Young people today are bombarded with information. Aside from traditional sources such as newspapers, television, and the radio, they are inundated with a nearly continuous stream of data from electronic media. They send and receive e-mails and instant messages, read and write online "blogs," participate in chat rooms and forums, and surf the Web for hours. This trend is likely to continue. As Patricia Senn Breivik, the former dean of university libraries at Wayne State University in Detroit, has stated, "Information overload will only increase in the future. By 2020, for example, the available body of information is expected to double every 73 days! How will these students find the information they need in this coming tidal wave of information?"
Ironically, this overabundance of information can actually impede efforts to understand complex issues. Whether the topic is abortion, the death penalty, gay rights, or obesity, the deluge of fact and opinion that floods the print and electronic media is overwhelming. The news media report the results of polls and studies that contradict one another.

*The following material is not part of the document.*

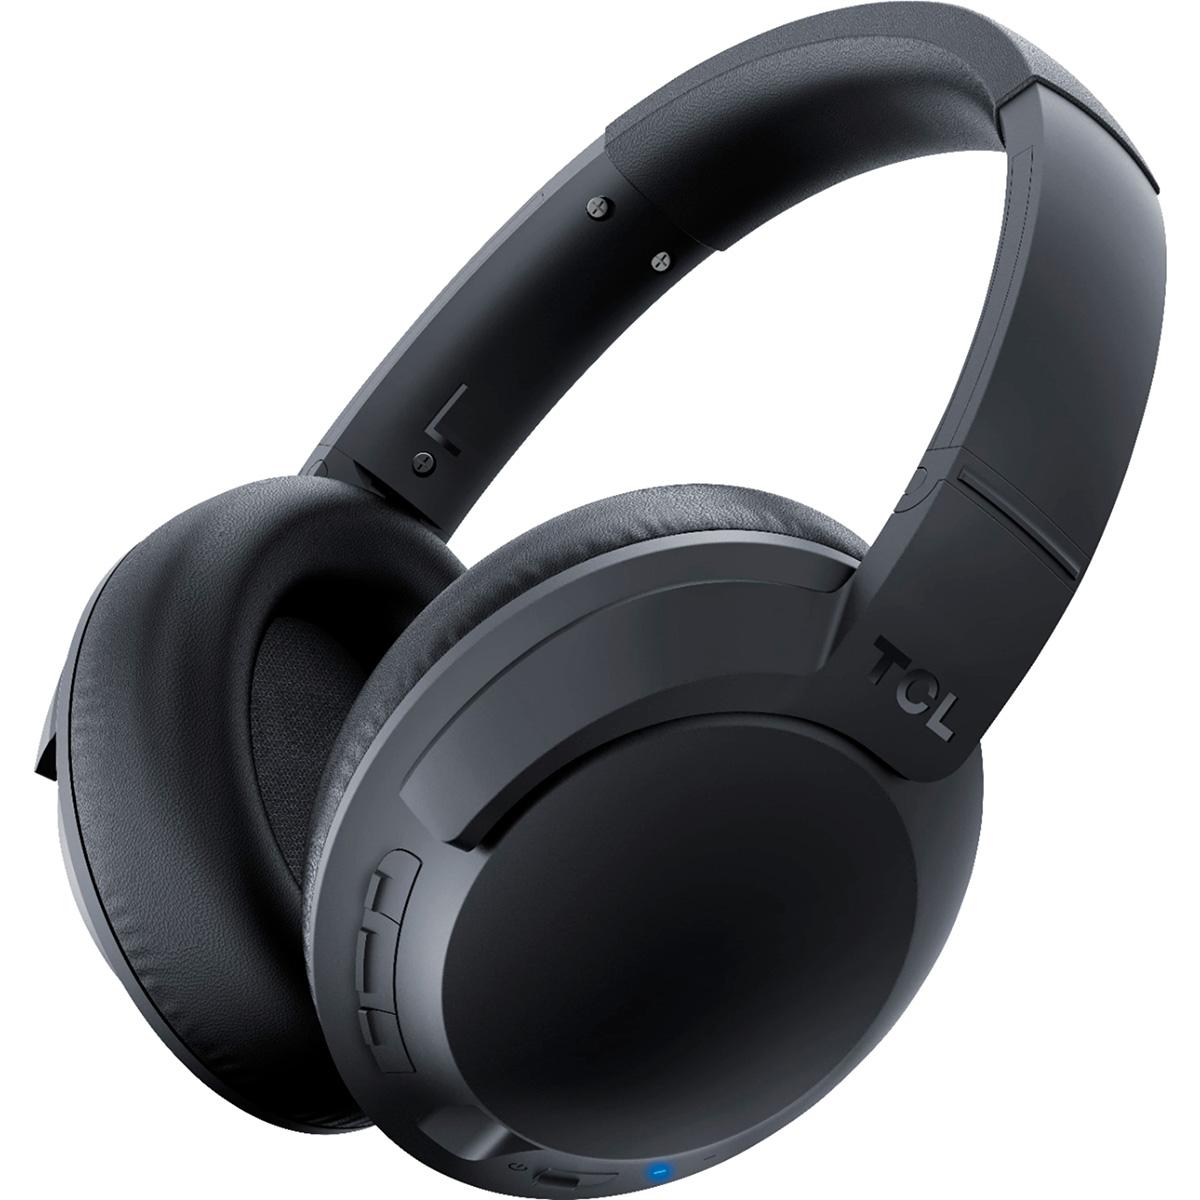 TCL Wireless Noise Cancelling Over-the-Ear Headphones for $69.99 Shipped

Cable news shows, talk radio programs, and newspaper editorials promote narrow viewpoints and omit facts that challenge their own political biases. The World Wide Web is an electronic minefield where legitimate scholars compete with the postings of ordinary citizens who may or may not be well-informed or capable of reasoned argument. At times, strongly worded testimonials and opinion pieces both in print and electronic media are presented as factual accounts.

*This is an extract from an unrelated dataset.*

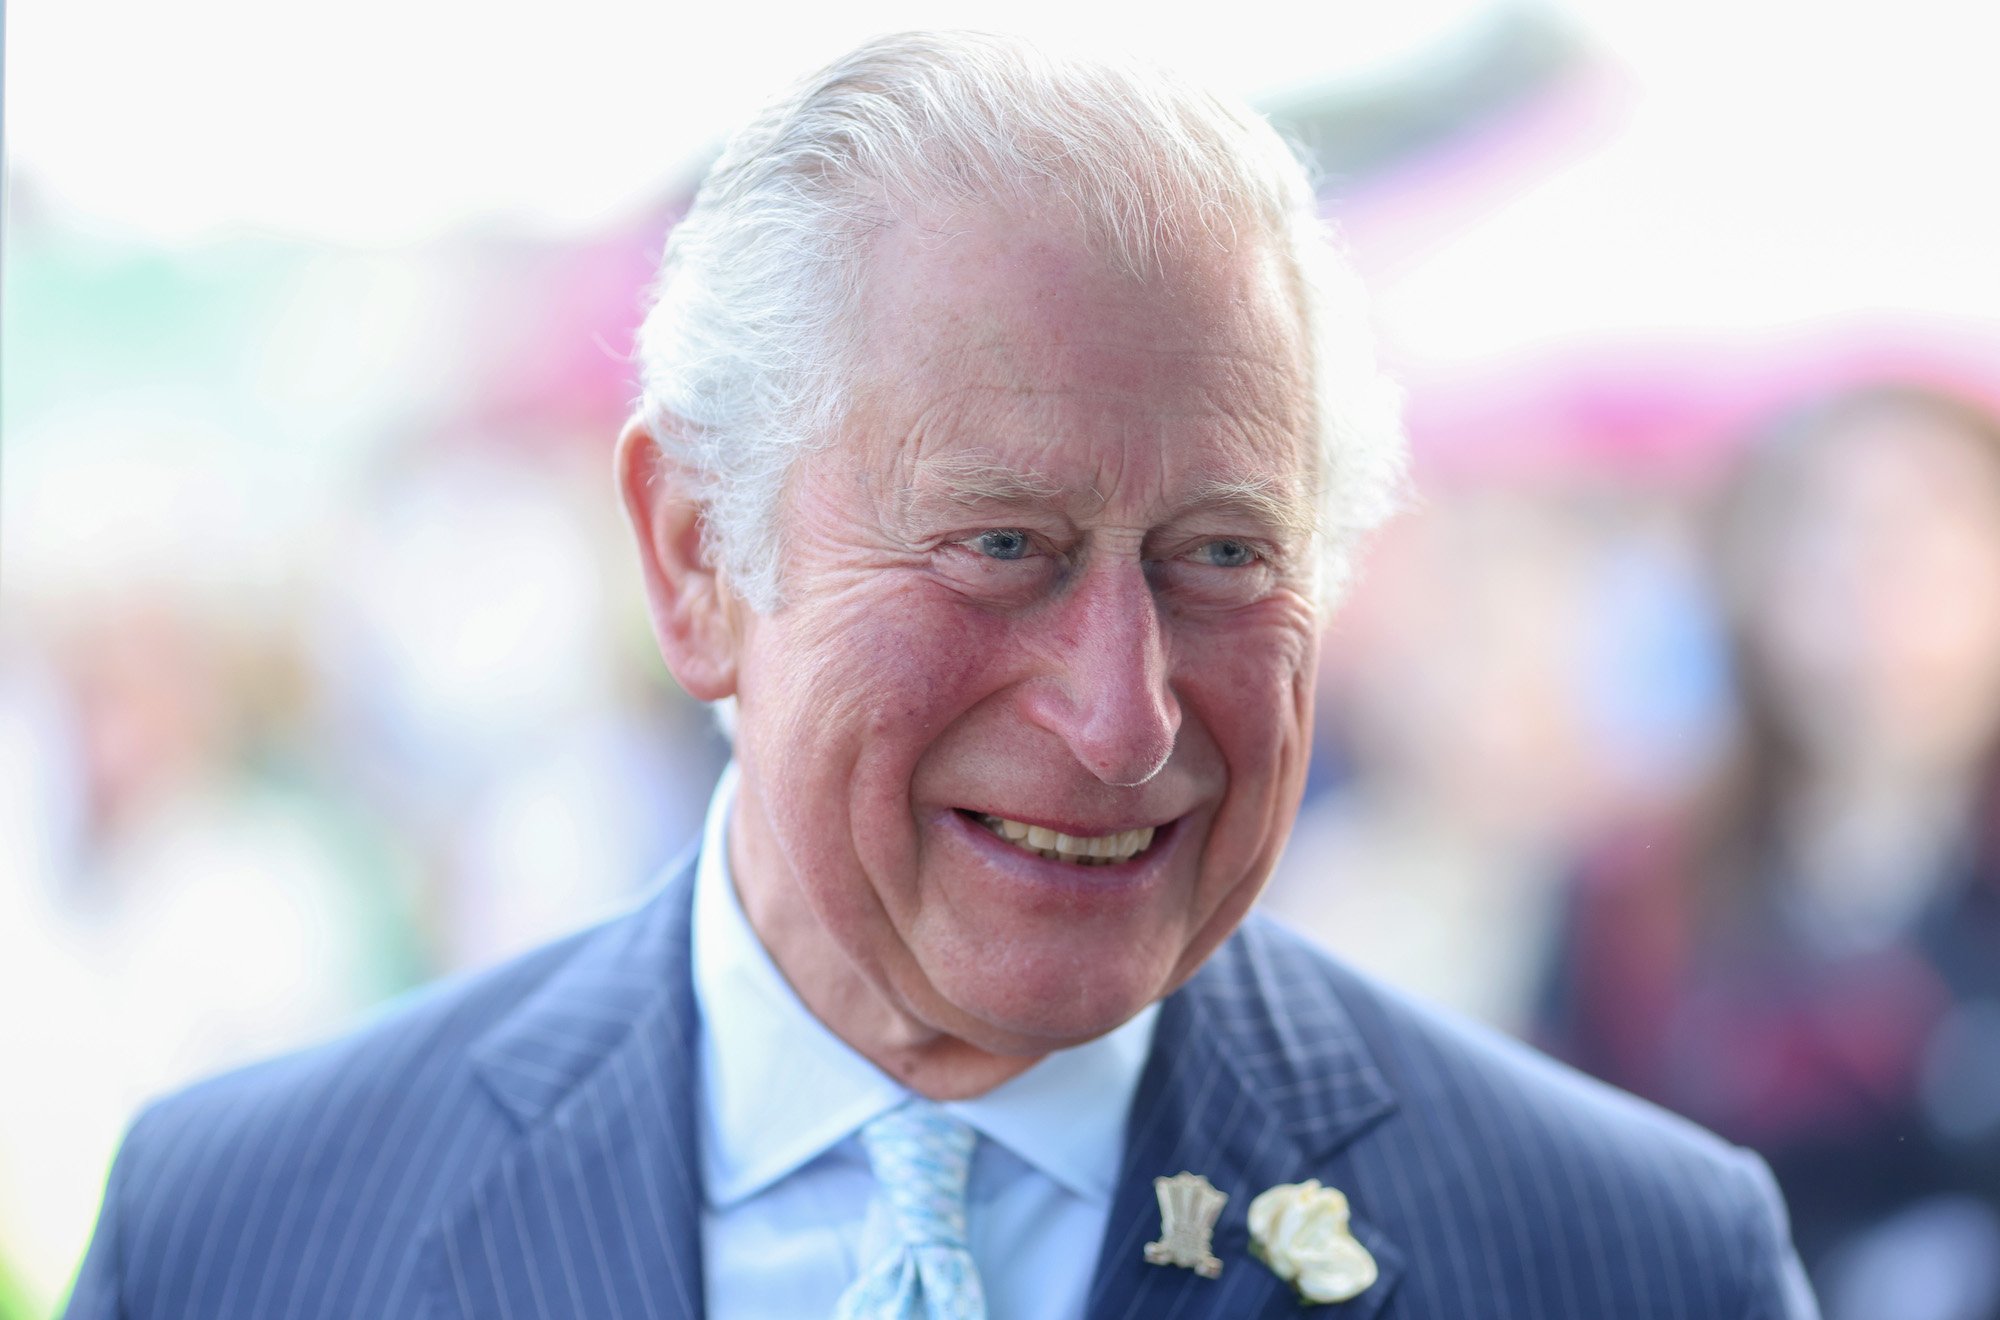 Charles, Prince of Wales smiling in front of a blurred crowd

Conflicting quotes and statistics can confuse even the most diligent researchers. A good example of this is the question of whether or not the death penalty deters crime. For instance, one study found that murders decreased by nearly one-third when the death penalty was reinstated in New York in 1995. Death penalty supporters cite this finding to support their argument that the existence of the death penalty deters criminals from committing murder. However, another study found that states without the death penalty have murder rates below the national average. This study is cited by opponents of capital punishment, who reject the claim that the death penalty deters murder. Students need context and clear, informed discussion if they are to think critically and make informed decisions.

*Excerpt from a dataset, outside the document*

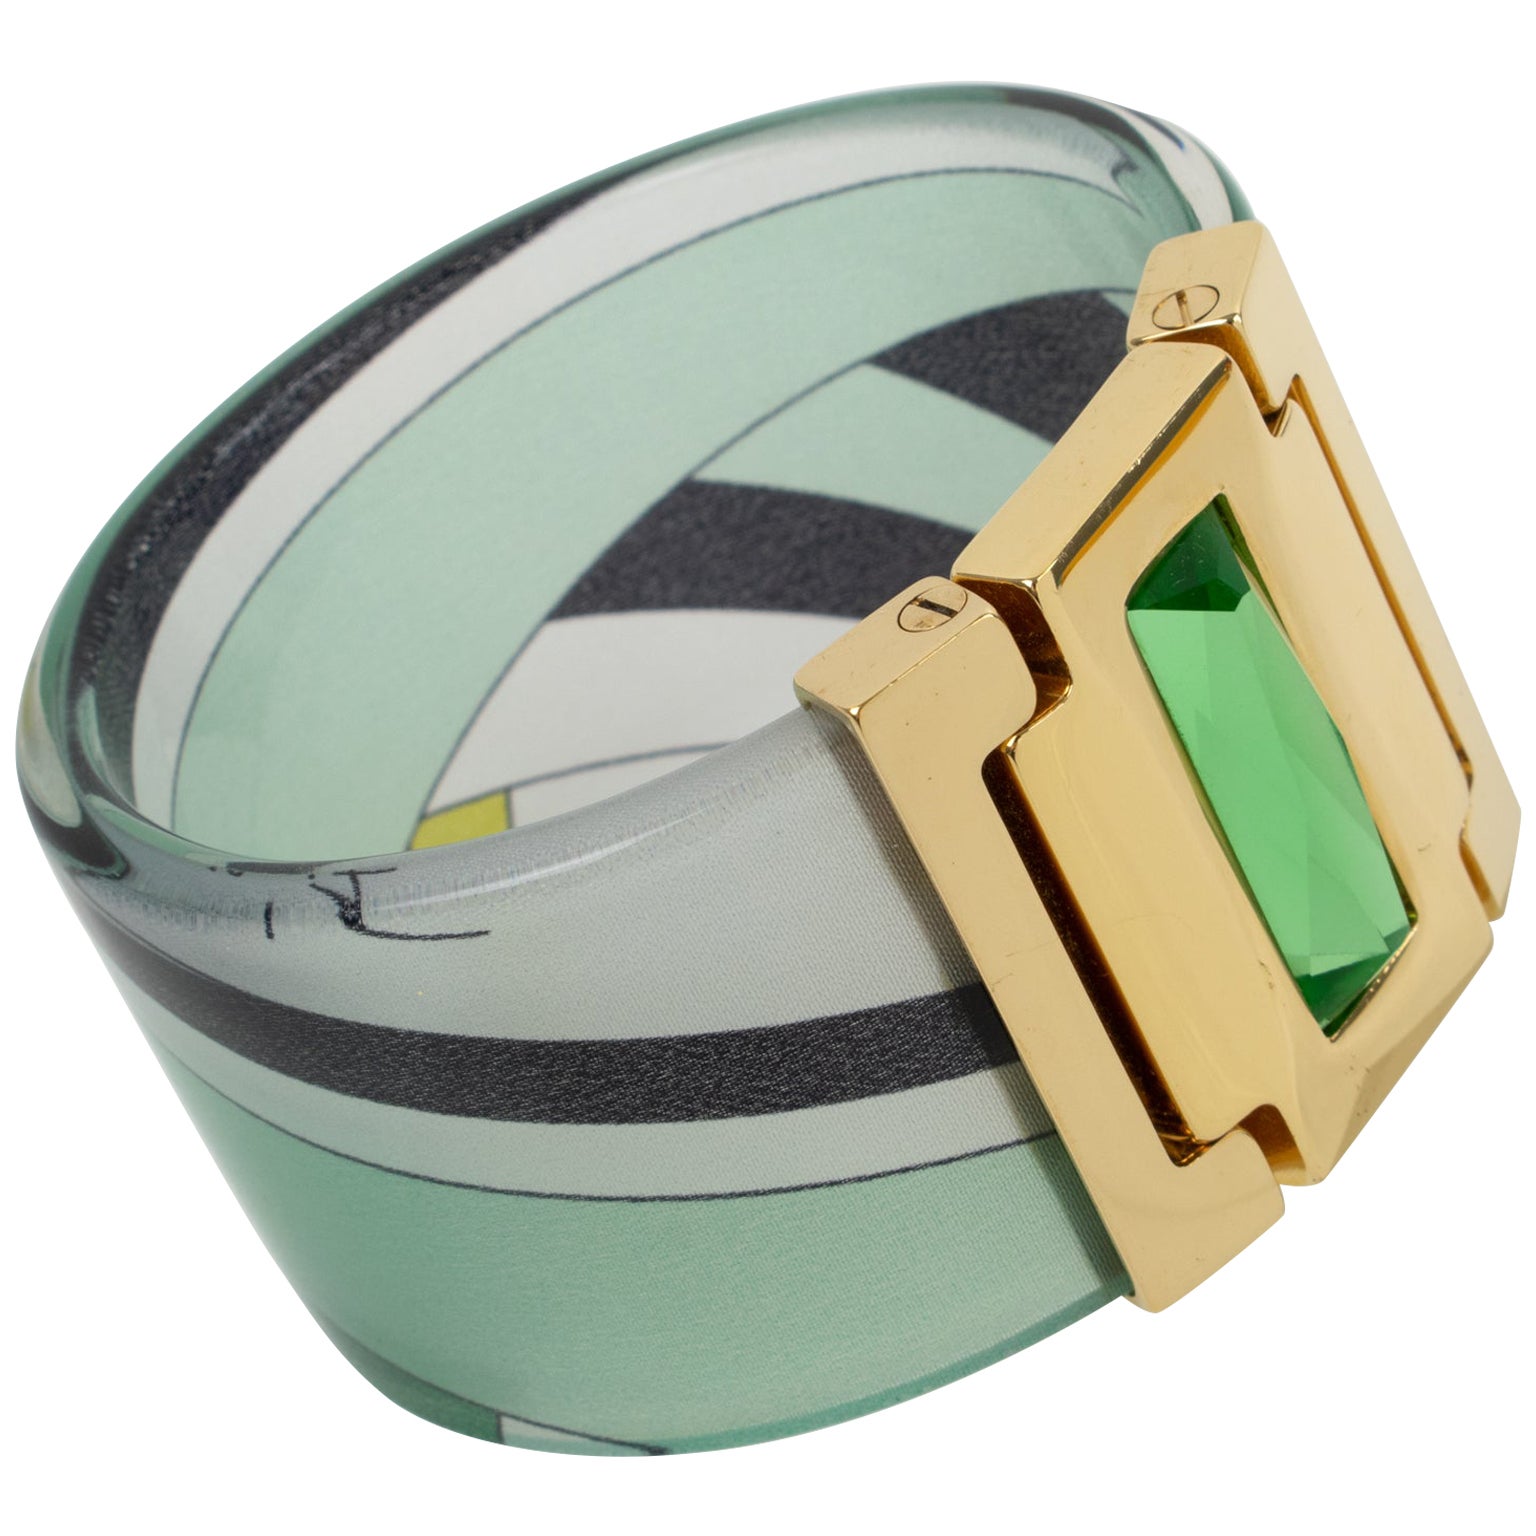 Emilio Pucci Jeweled Bracelet Bangle Lucite with Green and Black Silk Inclusion For Sale

The Hot Topics series is designed to help young people wade through the glut of fact, opinion, and rhetoric so that they can think critically about controversial issues. Only by reading and thinking critically will they be able to formulate a viewpoint that is not simply the parroted views of others. Each volume of the series focuses on one of today's most pressing social issues and provides a balanced overview of the topic. Carefully crafted narrative, fully documented primary and secondary source quotes, informative sidebars, and study questions all provide excellent starting points for research and discussion. Full-color photographs and charts enhance all volumes in the series. With its many useful features, the Hot Topics series is a valuable resource for young people struggling to understand the pressing issues of the modern era.
Our Hidden Garbage
Garbage—also called trash, municipal waste, or refuse—is the by-product of our industrial age. It is also the result of an economic system that produces goods cheaply and encourages consumers to buy new products continually and consume foods in throwaway containers. We have truly become a disposable society; in America up to 80 percent of products are used once and then thrown away. In fact, according to the U.S. Environmental Protection Agency (EPA), the average American throws away 4.62 pounds (2kg) of garbage a day. Much of this discarded material is paper and plastic used for packaging. And the amount of garbage we produce has increased, despite widespread recycling efforts. In 2007, for example, Americans generated about 254 million tons (230 million metric tons) of municipal solid waste (MSW), and almost two-thirds of this waste was not recycled.